В чем же, в таком случае, видел Луначарский ценность театра, его «совершенно своеобразное место» в истории русской культуры? В том, что театр был первым в России художественным театром, коллективом, который внес в русское театральное искусство «дух художественного подвижничества».
Не имея какой–то определенной социальной физиономии, театр брал самые разнохарактерные произведения, но при работе над ними проявлял огромную «художественную добросовестность», в которой и заключалась «религия» Станиславского. «Художественная добросовестность» проявлялась во внешнем оформлении каждого спектакля и еще более — «в области переживаний, типов и эмоций». «Станиславский требовал, — писал Луначарский, — чтобы артист вживался в свой тип, чтобы он… переживал в себе всю его жизнь, чтобы он в него постепенно перевоплотился».
Здесь Луначарский подходил к тому узловому пункту творческой системы Станиславского, в котором эстетические и этические устремления художника закономерно приобретали социальное значение и политическую направленность.
Об этом внутреннем единстве великолепно рассказал сам Станиславский, вспоминая о работе над спектаклем по пьесе Ибсена «Доктор Штокман», в котором исполнял одну из своих удачнейших ролей. Станиславский писал, что его исходная точка отправления в работе над пьесой шла по линии «интуиции и чувства», подсказанной чеховской драматургией. Работая над образом Штокмана и производя «раскопки его душевных глубин», режиссер и актер неожиданно для себя оказался в сфере общественной борьбы: «пьеса, роль и постановка получили иное направление, и более широкое — общественно–политическое значение и окраску». Станиславский указал на то зерно образа Штокмана, которое логически приводило героя к политическому выступлению, а исполнителя роли и театр превращало в публициста и агитатора. «В пьесе и роли, — писал Станиславский, — меня влекли любовь и не знающее препятствий стремление Штокмана к правде».1
Познание истины сделало из Штокмана бунтаря, любовь и стремление Художественного театра к правде жизни нередко превращало его в выразителя настроений демократических слоев революционной России.
Луначарский, в принципе чуждый прямолинейности, обычно чутко улавливающий социальный смысл самых отдаленных от открытого общественного звучания художественных явлений, в описываемый период был по отношению к драматургии Чехова и МХАТ настроен предвзято, не учитывал всей глубины и жизненности открытий, сделанных благодаря одному из замечательнейших в истории театра творческих союзов.

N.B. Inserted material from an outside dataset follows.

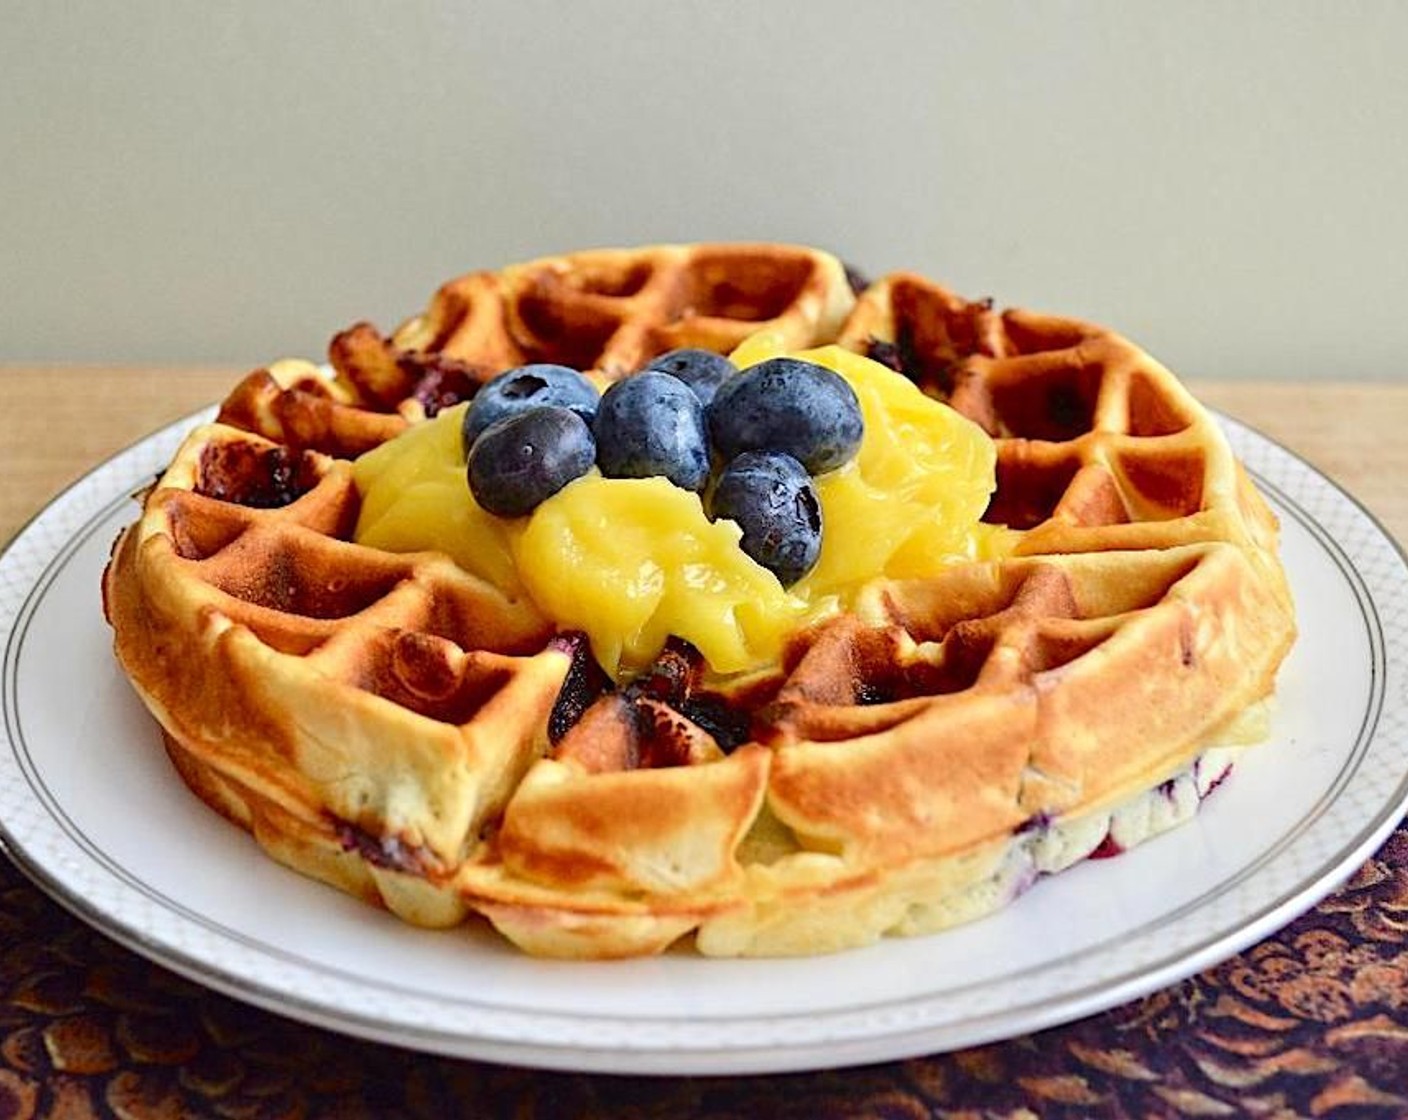 step 4 Serve it immediately with 1/4 cup of the Lemon Curd (1 cup) on top and extra blueberries. Repeat this with the remaining batter to get 4 big waffles total. Enjoy!

«Наше время всем своим инстинктом требует театра проповеднического, театра как социальной силы, — писал Луначарский. — Правда, в сущности, оно такого театра еще не имеет, но, оглядываясь назад, наше время, пожалуй, с большей симпатией может остановиться на тех, правда, подцензурных и далеко не достаточно острых, но все же социально совершенно определенных тенденциях, носителем которых в свою лучшую эпоху был, например, Малый театр» (3, 159).
Односторонне истолковав социальное содержание драматургии Чехова, эстетические основы исканий МХАТ, Луначарский закономерно испытывал затруднения при попытках определить дальнейший путь развития театра. В прошлом театра он не видел опоры для органичного продолжения творческих исканий в условиях нового общества.
«Может ли этот театр вольной эстетической интеллигенции наполниться новым содержанием?» — спрашивал Луначарский в конце статьи «Московский Художественный театр». «А если теперь театр сдвинется под влиянием всех потрясений, которые пережила страна, то куда сдвинется и как?» — вопрошал он в статье «К возвращению старшего МХТ».
Будущее театра проблематично. «Мы стоим перед старшим МХТ как перед некоторой загадкой» (3, 160). Луначарский пытался отгадать ее, предполагая несколько прямолинейный путь перестройки театра «на формально новый лад», способный воспринять новое содержание.
«Нет никакого сомнения… — писал он в пору, когда основная часть труппы МХТ была в длительных заграничных гастролях, — что вслед Художественному театру старому идет Художественный театр новый, который сформирует свой батальон из вольницы студий. Нет сомнения, что этот театр, за это ручается чуткость Немировича–Данченко, учтет требования нового зрителя. «Лисистрата» великолепно показывает нам, насколько театр сумел шагнуть в сторону плакатности и монументальности, в сторону жирных красок, смелого, подчас головокружительного движения на сцене и т. п.» (3, 155; курсив мой. — А. Ш.).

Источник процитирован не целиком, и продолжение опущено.